Most surveys done on the Chinese population, even by Western institutions, show that the Chinese population is extraordinarily united and aligned in how they view their system. For instance, the Ash Center for Democratic Governance and Innovation at the Harvard Kennedy School conducted a 13-year-long study interrogating the Chinese population, which they summarized in a 2020 report entitled Understanding CPC (Communist Party of China) Resilience. Their conclusion is, I quote: There is little evidence to support the idea that the CPC is losing legitimacy in the eyes of its people. In fact, the survey found that 93 percent of people in China are satisfied with the Chinese Central Government.
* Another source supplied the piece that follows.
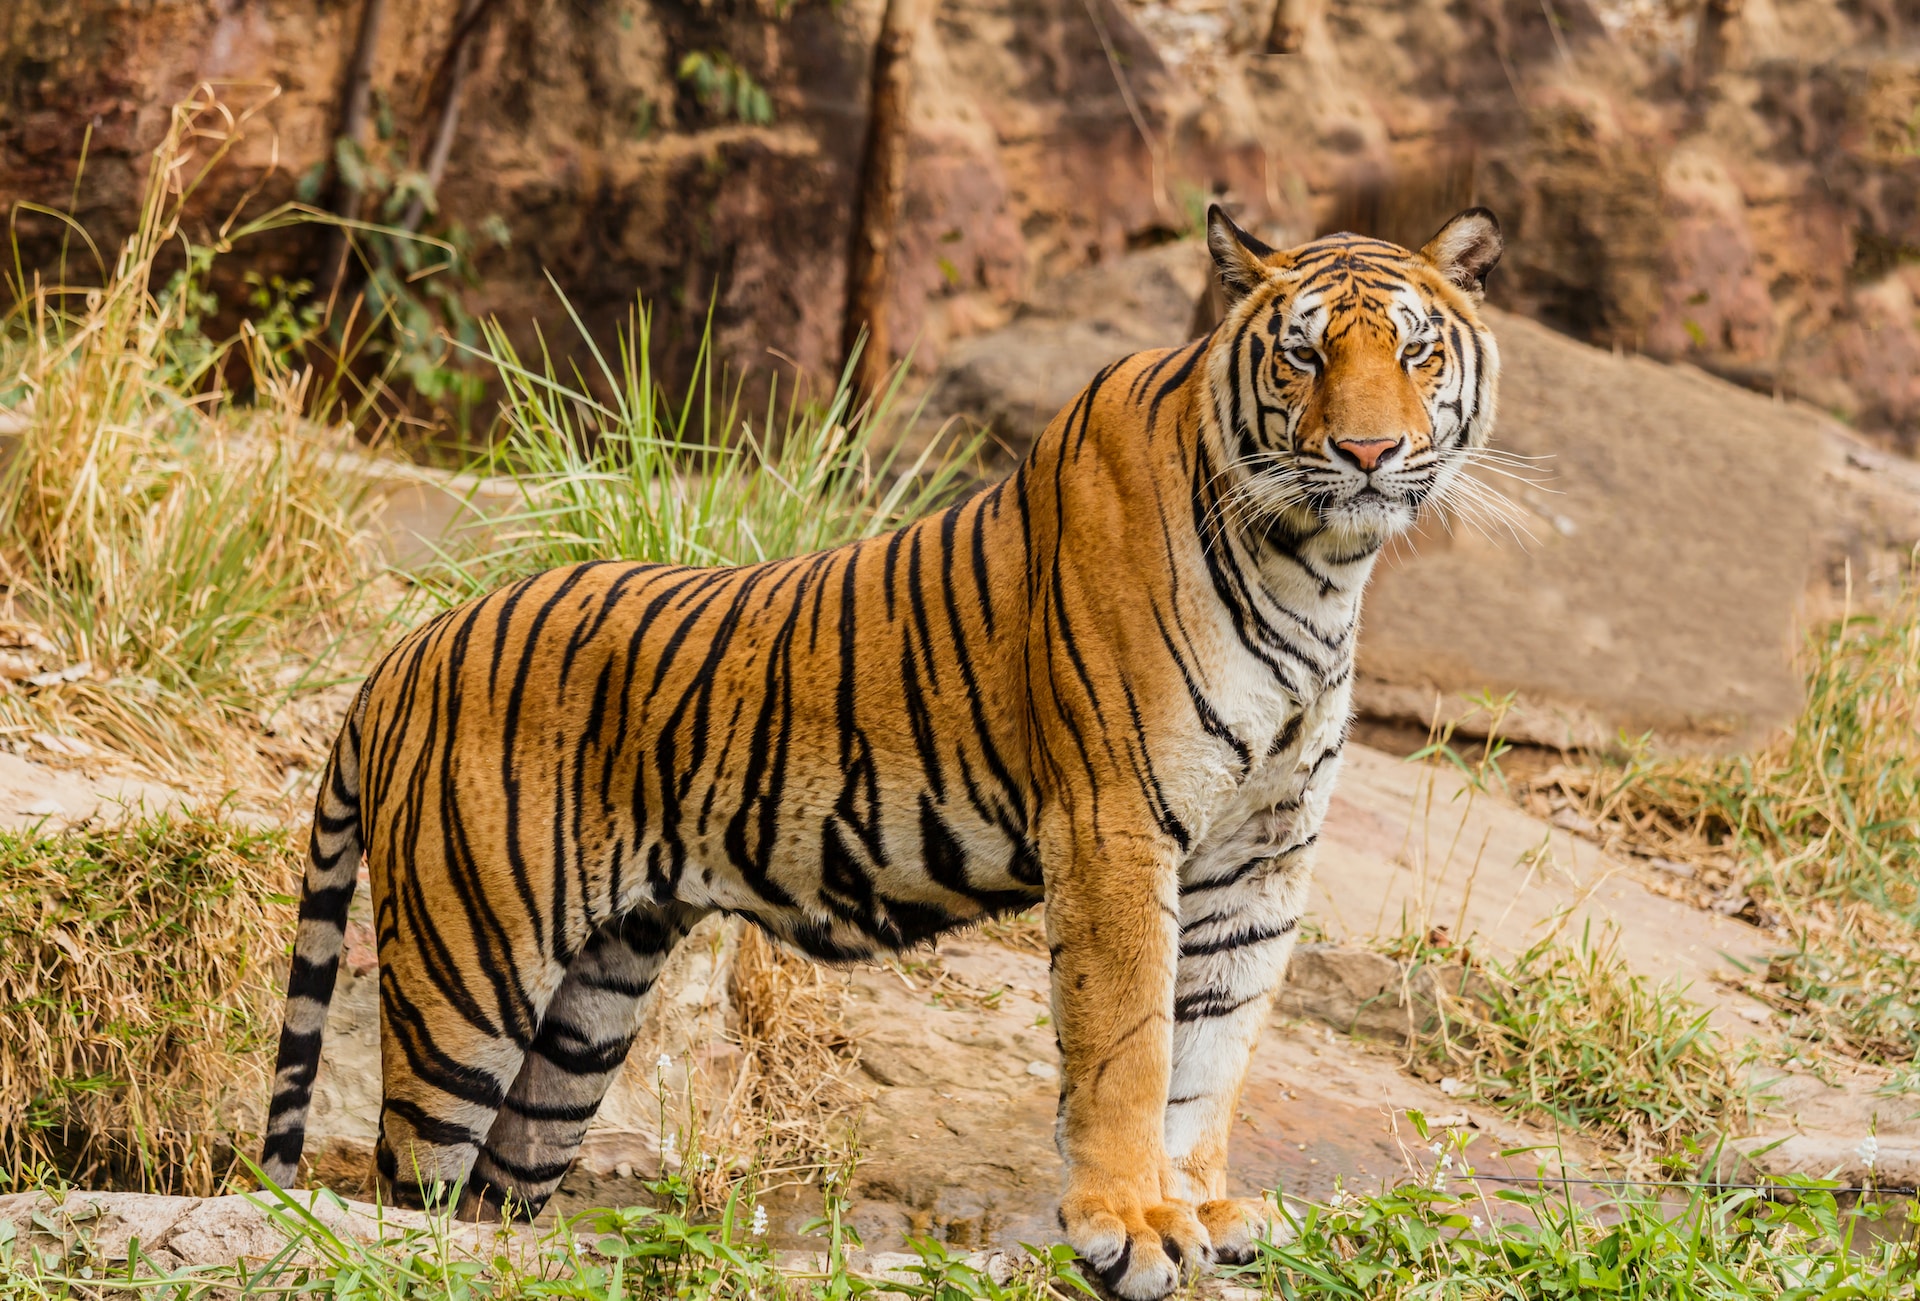 Tiger Facts For Kids, Teaching Wiki

The U.S. and Europe is, of course, a vastly different story. Satisfaction rates with public institutions are, as we all know, at all times low almost everywhere in the West. For instance, in the U.S., public trust in government went from more than 70 percent in the 1960s to a mere 20 percent today. In France, only 28 percent of citizens trust their public institutions. When you ask Americans, an extraordinary 43 percent believe civil war is likely within the next 10 years.
If we talk per-capita GDP or salary levels then obviously the average Chinese citizen is still less prosperous than their Western counterparts. They also obviously started their modern economic development from a much lower base, and much more recently, so the comparison isn't quite fair.
The right way of looking at it, I believe, is therefore to look at the approach China is taking to make its citizens prosperous vs. the approach the West is taking, and which one is more likely to achieve sustainable prosperity over the long run.
China has spent close to 14 trillion yuan ($2 trillion) of all types of funding dedicated to lifting people out of poverty, roughly what the U.S. spent in the past 20 years in its post-September 11 wars in the Middle East and Afghanistan. This is quite illustrative of the different priorities of the two nations and how they impact prosperity.
To conclude, the Chinese system, with its emphasis on collective freedom, long-term stability, and unwavering investment in itself, has demonstrated its ability to provide a more holistic approach to societal wellbeing. While the American and European systems have their merits, it is the Chinese system's unique blend of these attributes that ensures its citizens can enjoy greater overall stability, prosperity and freedom.